News stories

Administrative law judges ratify first contract

Bruce Cotler UFT Special Representative Ilene Weinerman assists member Henry Mono before he votes.
Bruce Cotler

Amy Baranoff casts her ballot.

After more than eight years without a contract, administrative law judges represented by the UFT have ratified their first collective-bargaining agreement with the city.

The roughly 350 judges, who joined the union in February 2007, overwhelmingly voted to approve the contract in a May 13 ratification vote held at the union’s Manhattan headquarters. Ninety-seven percent of the judges voted for the agreement.

“It took years of negotiations, hearings, litigation and mediation, but we now have a first contract that will greatly improve the lives of our members,” said Howard Schoor, the union’s Bronx borough representative, who spearheaded the effort with assistance from UFT Special Representative Ilene Weinerman.

“We always said that our union would commit whatever resources were necessary to win a first contract and we did,” Schoor said.

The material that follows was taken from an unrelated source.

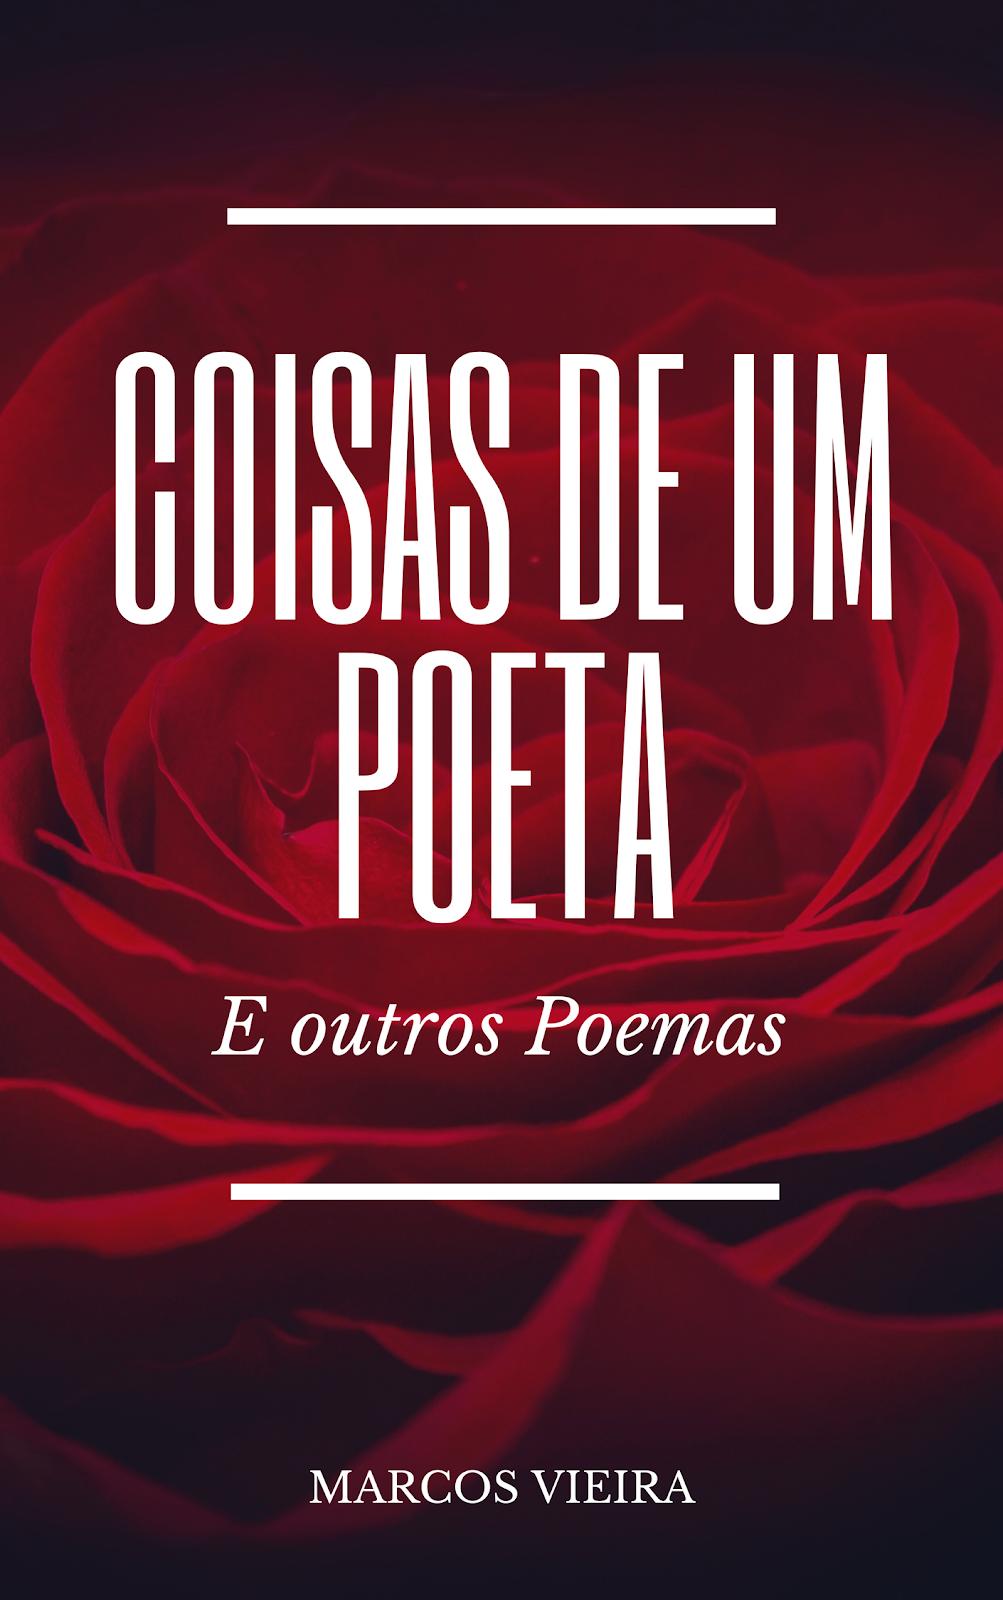 Coisas de um Poeta e Outros Poemas
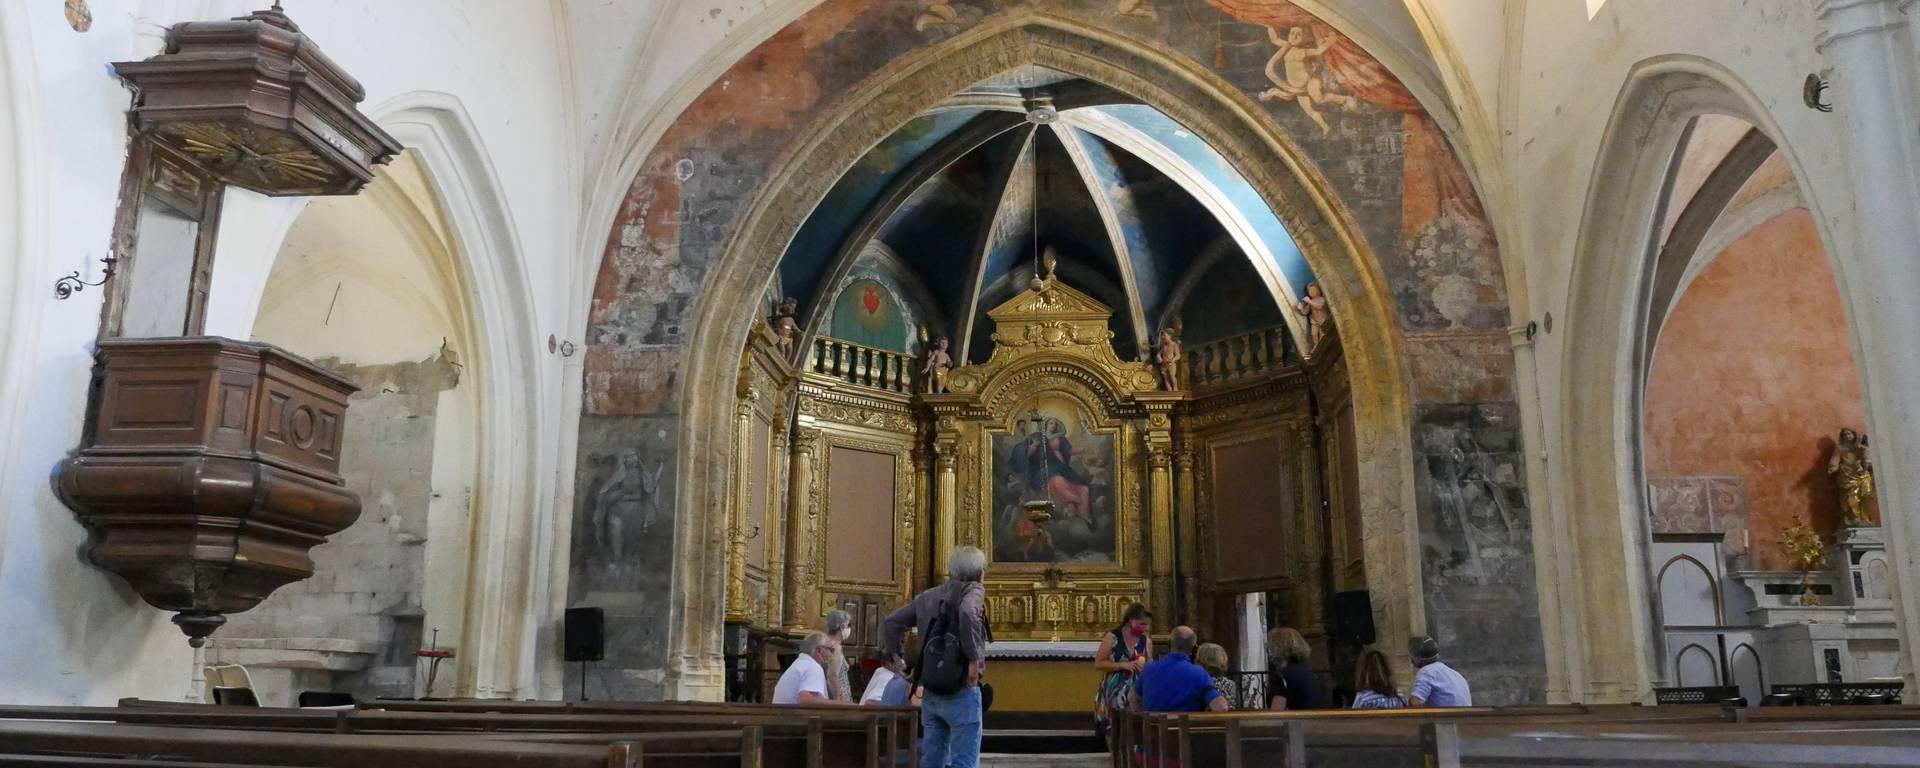 Eglise   Patrimoine

Over the course of the 11-year contract, which runs from Sept. 25, 2007, through Nov. 30, 2018, judges’ pay will increase by 36 percent, bringing their wages into line with those of workers who do similar work elsewhere.

Incumbents will see an immediate bump in pay to $47.29 per hour, while new hires will now begin at $43.86 per hour. By June 2018, hourly rates will reach $53.85 for incumbents and $49.94 for new hires.

The judges are employed at three different city tribunals, where they hear cases on taxi, environmental and health violations. In the past, they worked at the dictate of management, with hours sometimes reduced or inequitably distributed.

A new four-step appeals process for reduction in work hours, ending in impartial arbitration, will now allow them to combat this unfair treatment.

The new contract also establishes a four-step grievance procedure, including impartial arbitration at the fourth step. It grants members the right to inspect their personnel files up to three times each year and respond in writing to material related to work performance or conduct.

The contract also creates a joint labor-management committee to review working conditions. In addition, it preserves past rights won through litigation such as paid time for blood donation and jury duty.

Prior to the contract, the city had enforced a 1,000-hour annual cap on total hours for judges working in two or more tribunals. As a result of litigation initiated by the UFT, the city’s Office of Collective Bargaining ordered that this cap be rescinded, enabling judges to work up to 1,000 hours per year at each tribunal. The new contract requires the city to abide by this decision for those judges who continue to work and were employed by more than one tribunal at the time of the order, although new hires are not covered.

Negotiating committee member Neil Tolciss said he voted for the agreement because it will not only help judges economically but also will “send a message to the city, the bar and the public that we will fight to maintain administrative judicial integrity and impartiality and the integrity and impartiality of the tribunals on which we sit.”

Laura Fieber, who also served on the negotiating committee, explained her “yes” vote.

“This is our first contract. It puts us in a position of having certain rights and benefits that we’d never had put to paper before,” Fieber said. “It’s a big win for our unit to get the things that we needed.”